Task instructions: Pictures in the data below are not part of the copy; transcribe everything else exactly.

Source data:
++++++

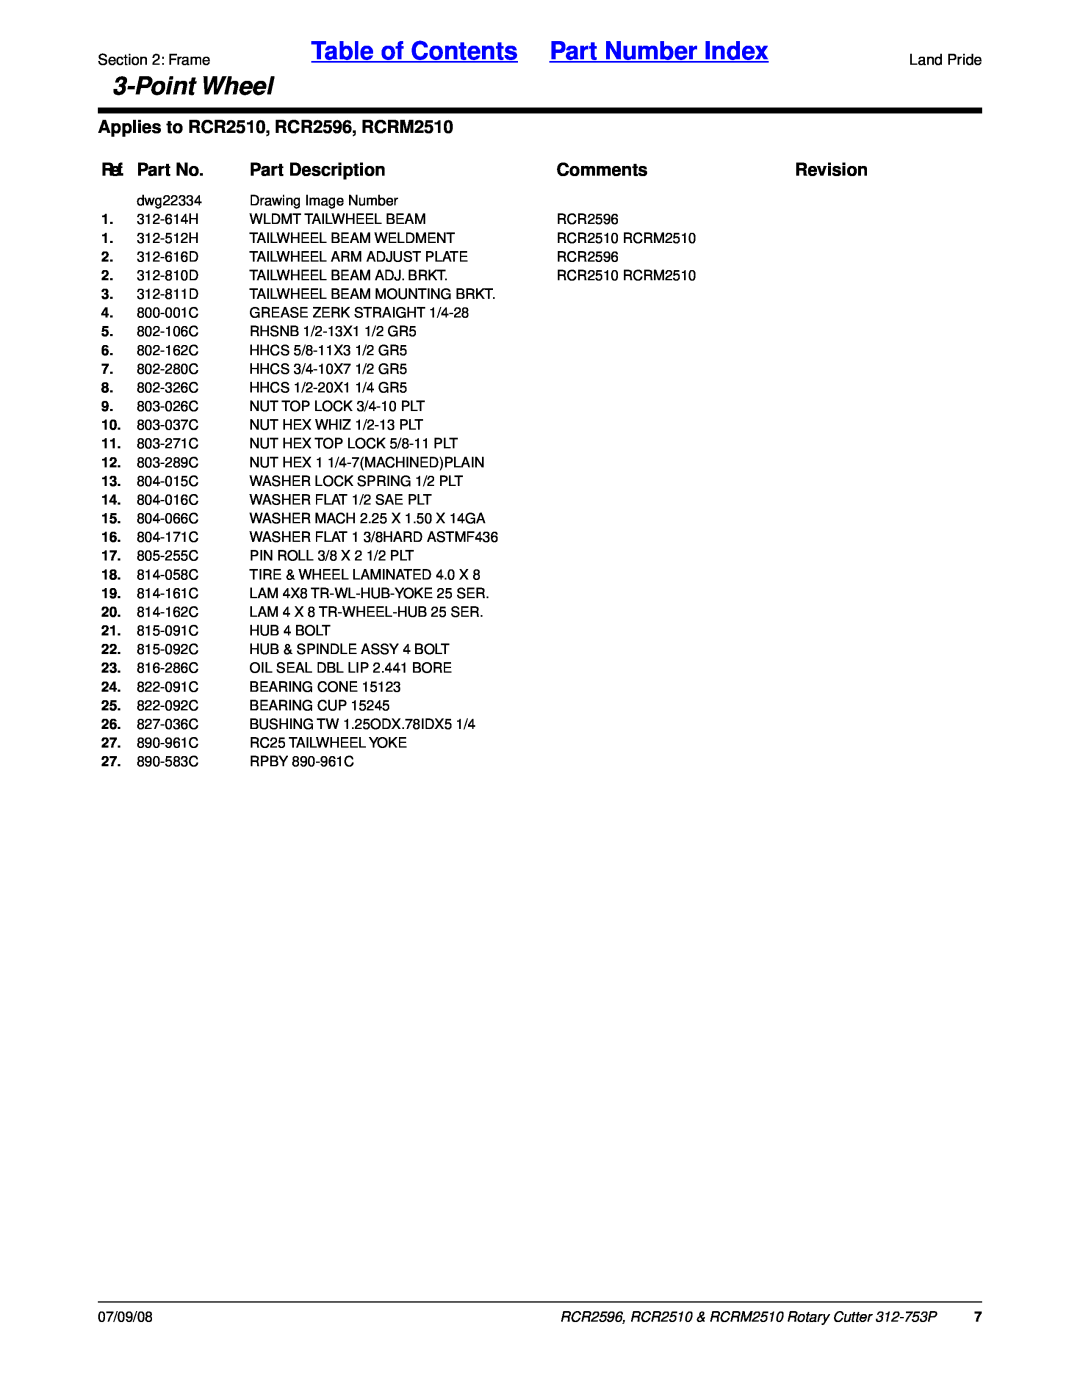 Land Pride RCRM2510 Ref. Part No, Part Description, Comments, Revision, Table of Contents Part Number Index, PointWheel 
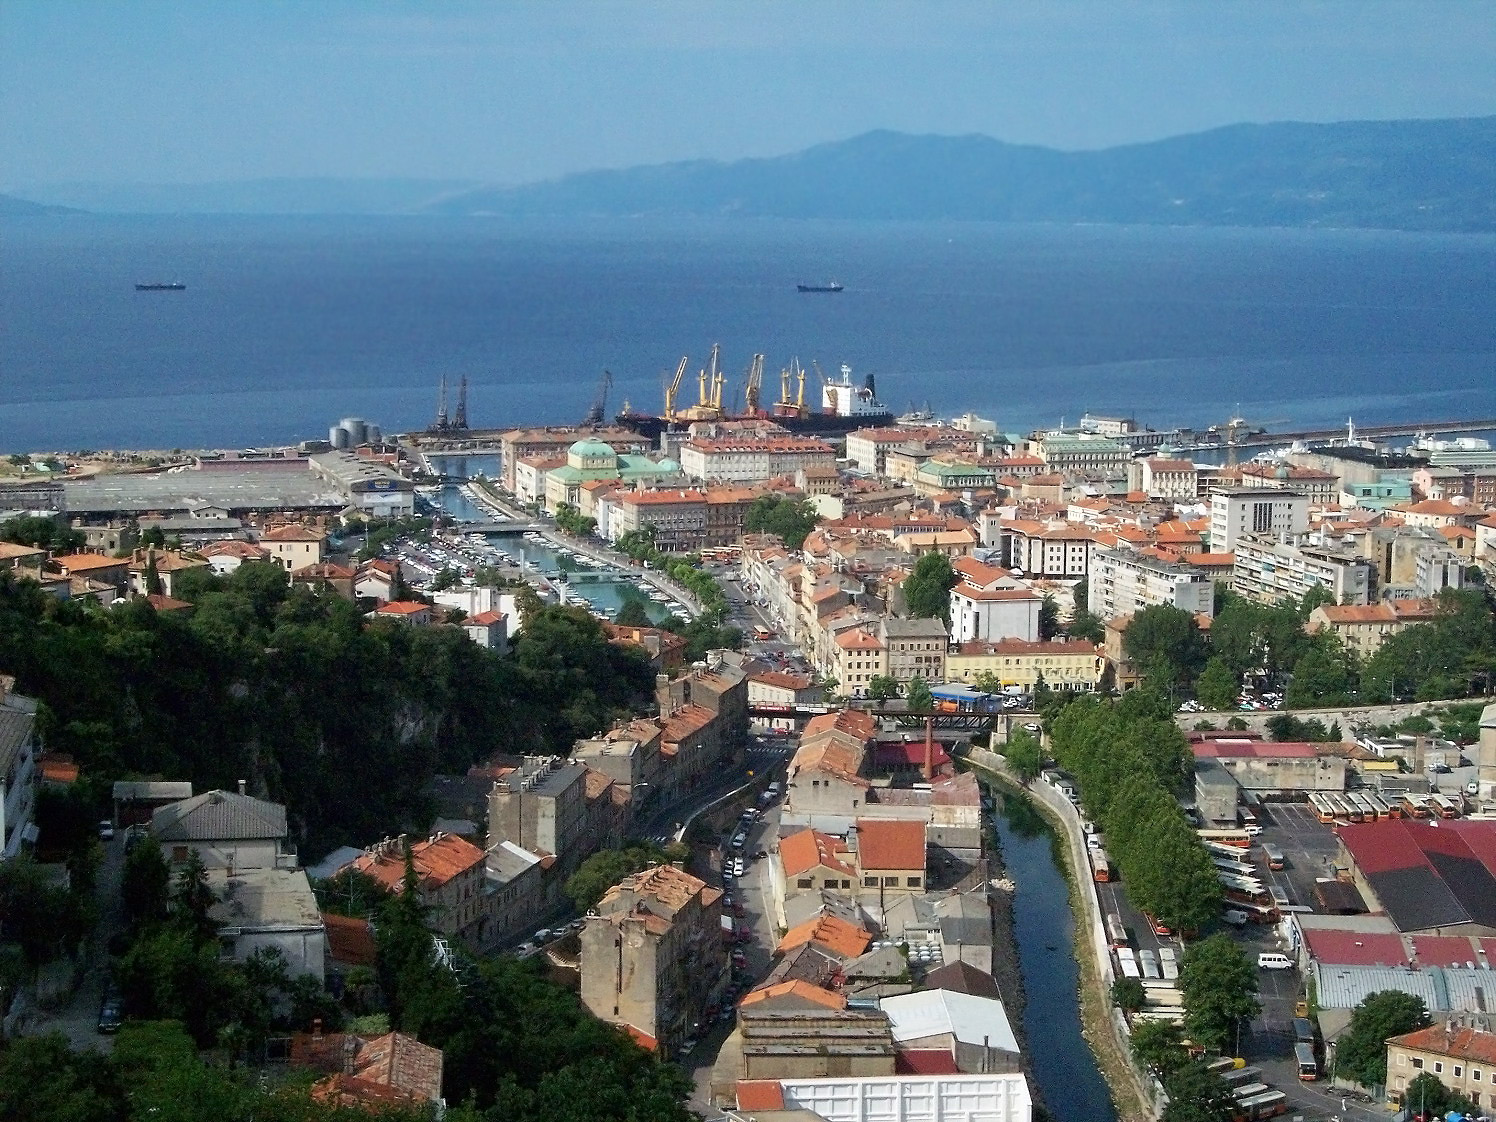 Cityscape and sea landscape in Croatia.
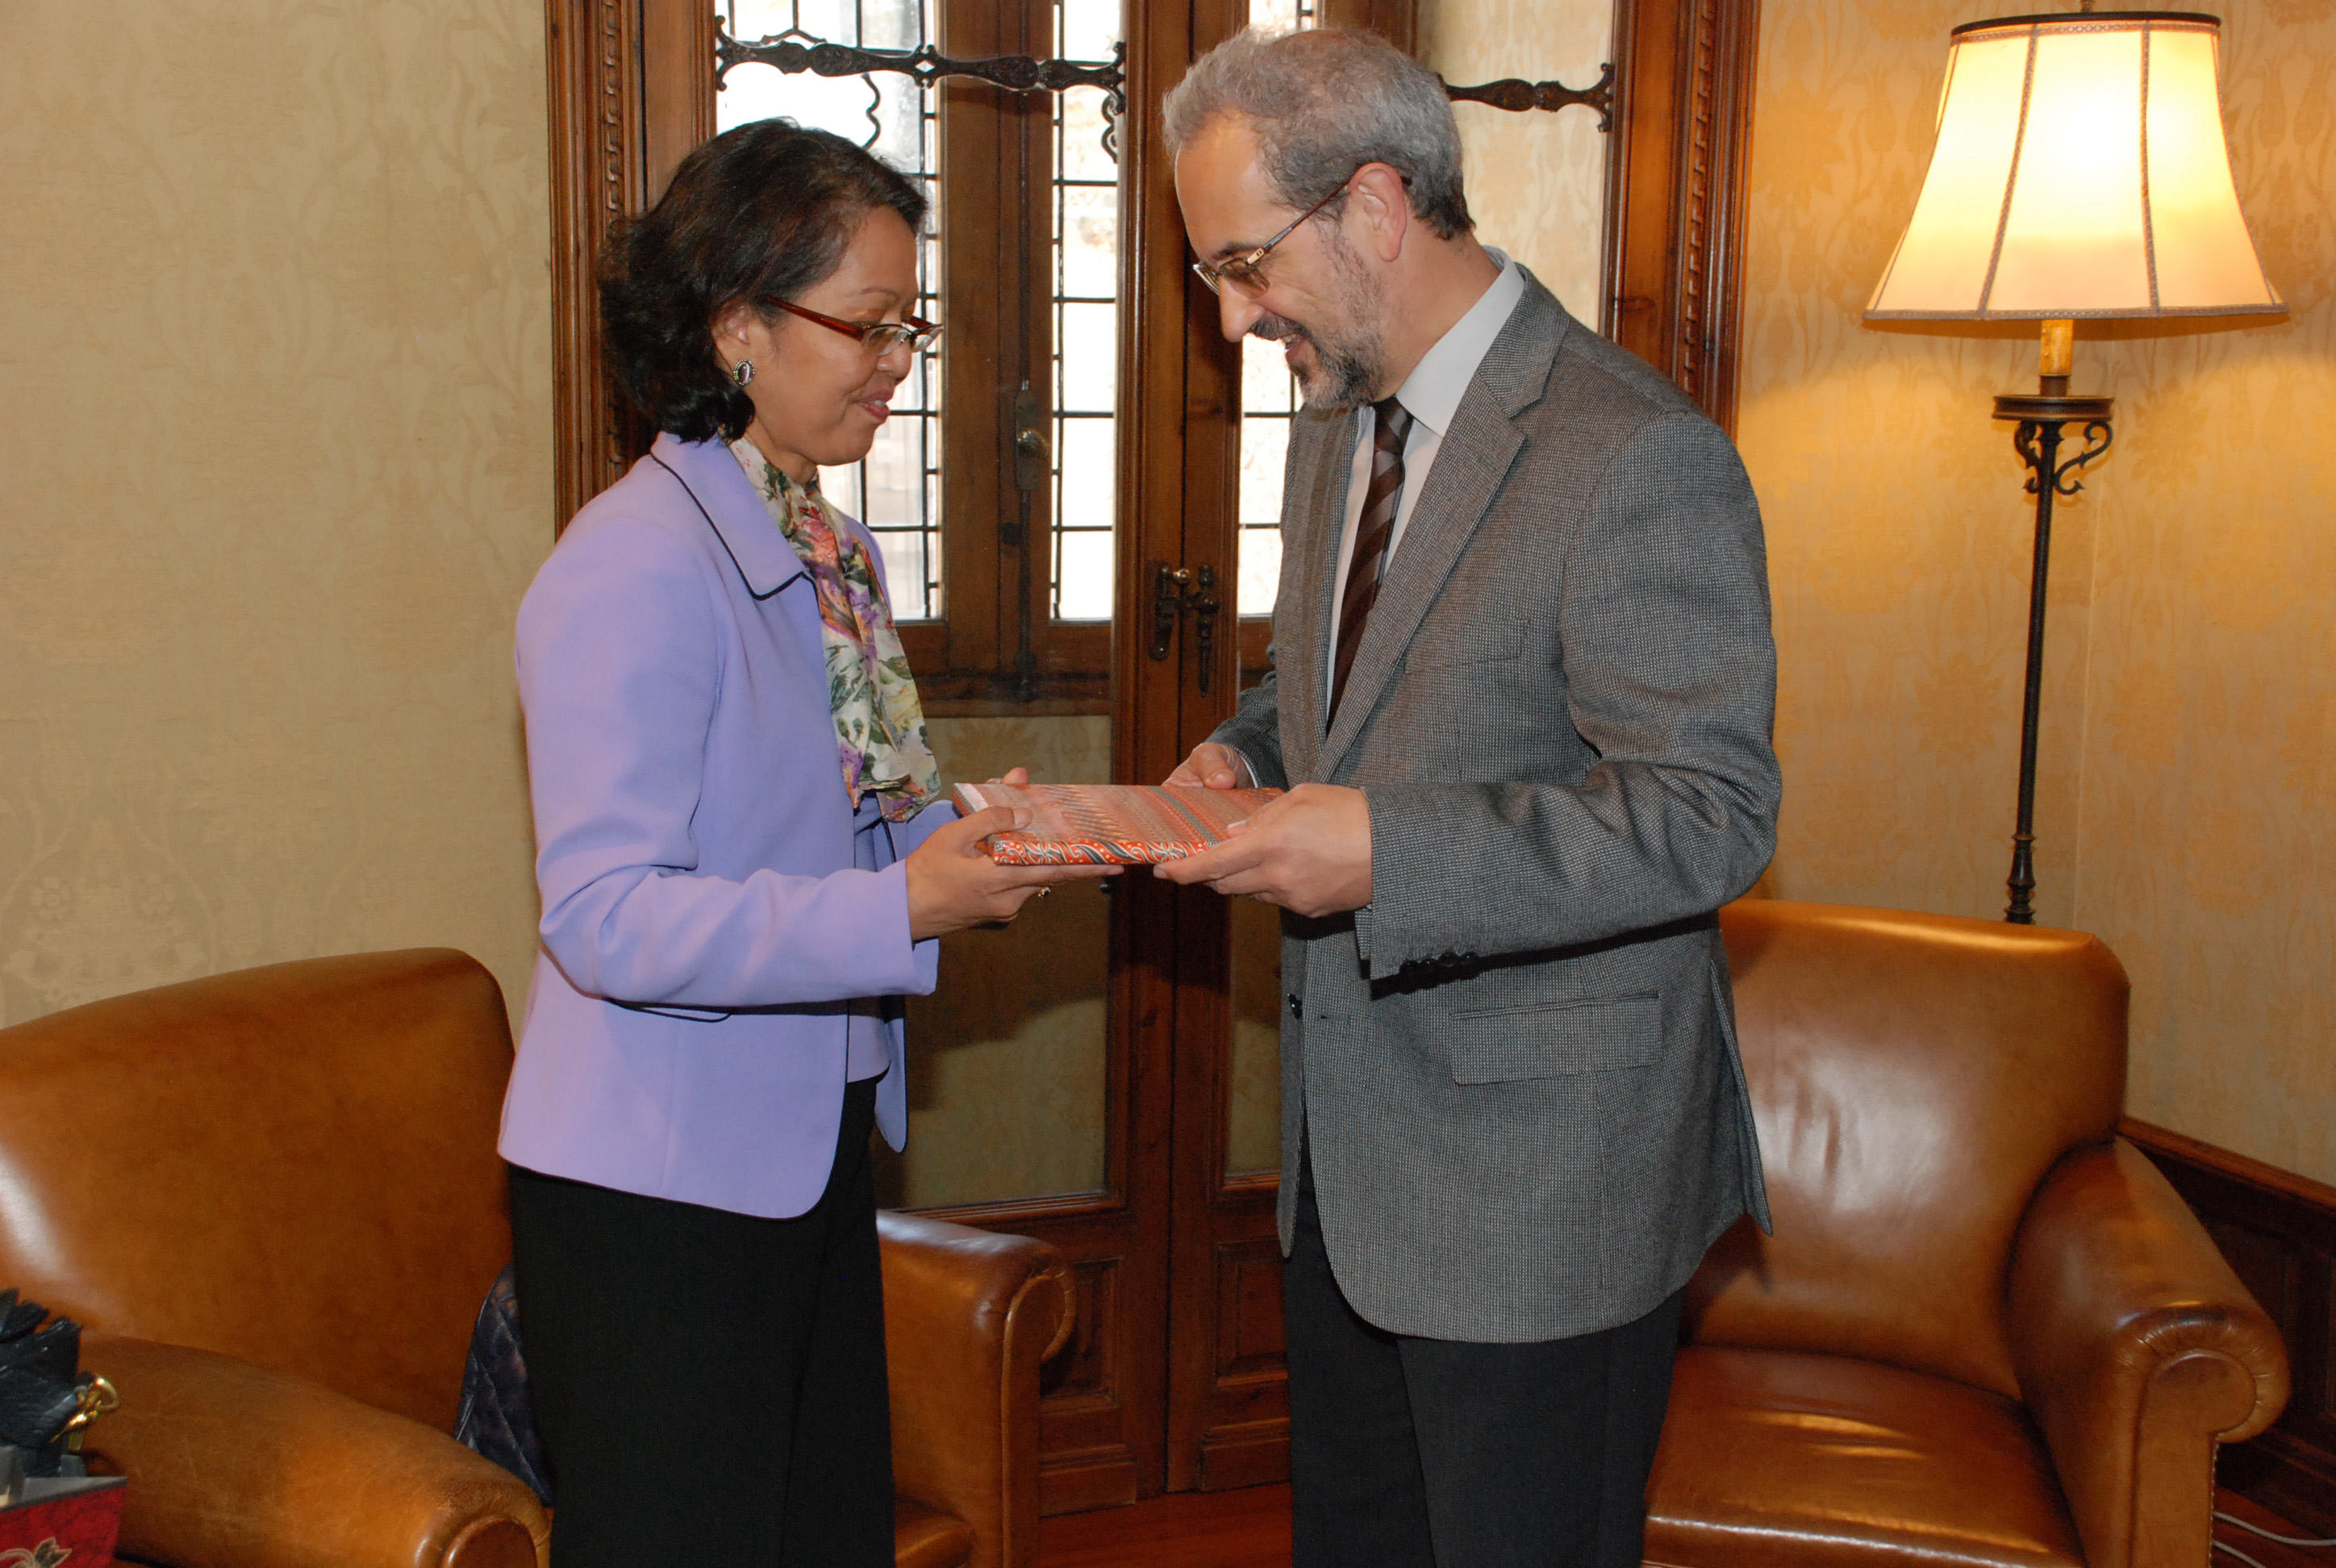 El rector, Daniel Hernández Ruipérez, recibe a la embajadora de Indonesia en España, Adiyatwidi Adiwoso Asmady

++++++

Response:
 Land Pride RCRM2510 Ref. Part No, Part Description, Comments, Revision, Table of Contents Part Number Index, PointWheel 
 Cityscape and sea landscape in Croatia.
 El rector, Daniel Hernández Ruipérez, recibe a la embajadora de Indonesia en España, Adiyatwidi Adiwoso Asmady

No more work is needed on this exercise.